According to Germany’s The Local, German supermarket chain Edeka is selling separate “male” and “female” bratwurst, inciting an outcry from some who are calling the sausages sexist. While the male version is advertised as “hearty” and “strong-spiced,” the female bratwurst is labeled “lean.”

However, it appears, the meat manufacturer, Rasting, may also be to blame for the seemingly sexist product labels.

The male-female varietals were brought to light this week by Antje Schrupp, a Frankfurt-based journalist and political scientist. On her blog, Schrupp shared a photo of the supermarket chain’s advertisement along with a letter from a concerned female consumer who wrote to the head honchoes of Rasting and the Edeka group.

In her response, Susanne Enz notes that the sausages’ marketing show a “dull sexism.”

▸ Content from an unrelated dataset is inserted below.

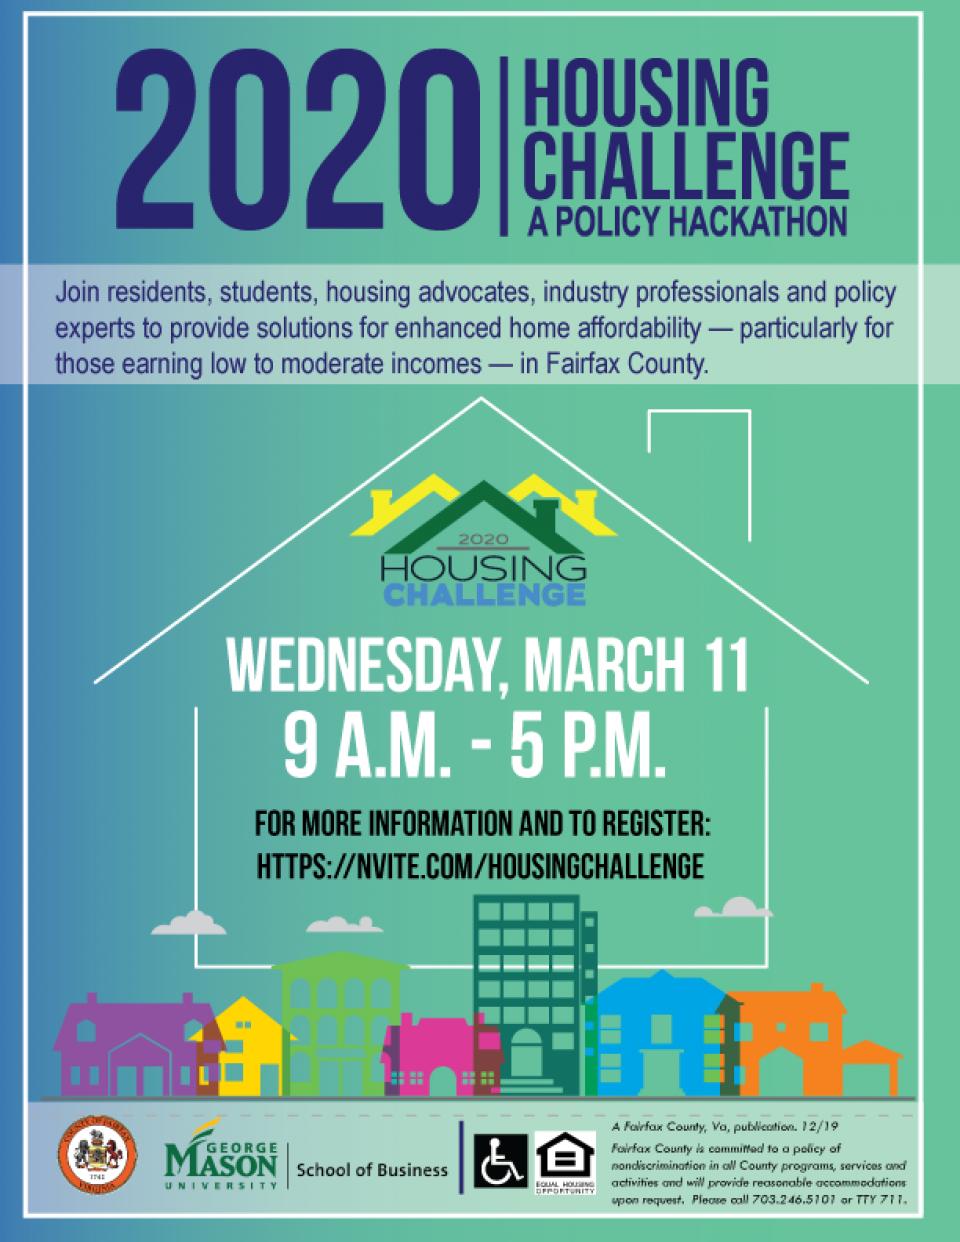 2020 Housing Challenge Flyer – Image

“Men eat a lot and heartily, while women want to be thin above anything else — these assumptions about gender-specific characteristics ring through,” she writes. “Men are like this, women are like that. The differences are chiseled in stone. Women should please, men should enjoy. A hierarchal casting in favor of men is prominently inscribed in it.”

Enz continues her carefully worded response, questioning why the company thought it prudent to include gender roles at all.

“Moreover, if women actually liked lean sausages with vegetable filling so much, then they would also purchase them when they’re not marked ‘for women.’ By gender naming they are operating in the normative: They decide that liking the sausage, along with favoring lean products, is a characteristic of womanhood,” she writes.

Enz explained in an email to The Huffington Post that she wrote to the CEOs of the two companies because she wanted to express her opinion after coming across the “male” and “female” bratwurst in her Saturday morning newspaper’s ad inserts last weekend.

“I instantly found the [advertisement] quite unbearable in its dull sexism, took the picture and sent it to my girlfriend,” Enz recalled. “When she saw it, she got really angry. So I said to myself: If these sausage-sexists make my girlfriend angry, I will not just accept that.”

Enz said she has already received responses from representatives for both companies. Rasting CEO Ralf Poéll addressed the difference in price — the “female” bratwurst contains vegetables that cost more to produce — and the Edeka rep merely referred Enz to the customer service system. However, she said neither addressed the issue of gender naming in the product marketing.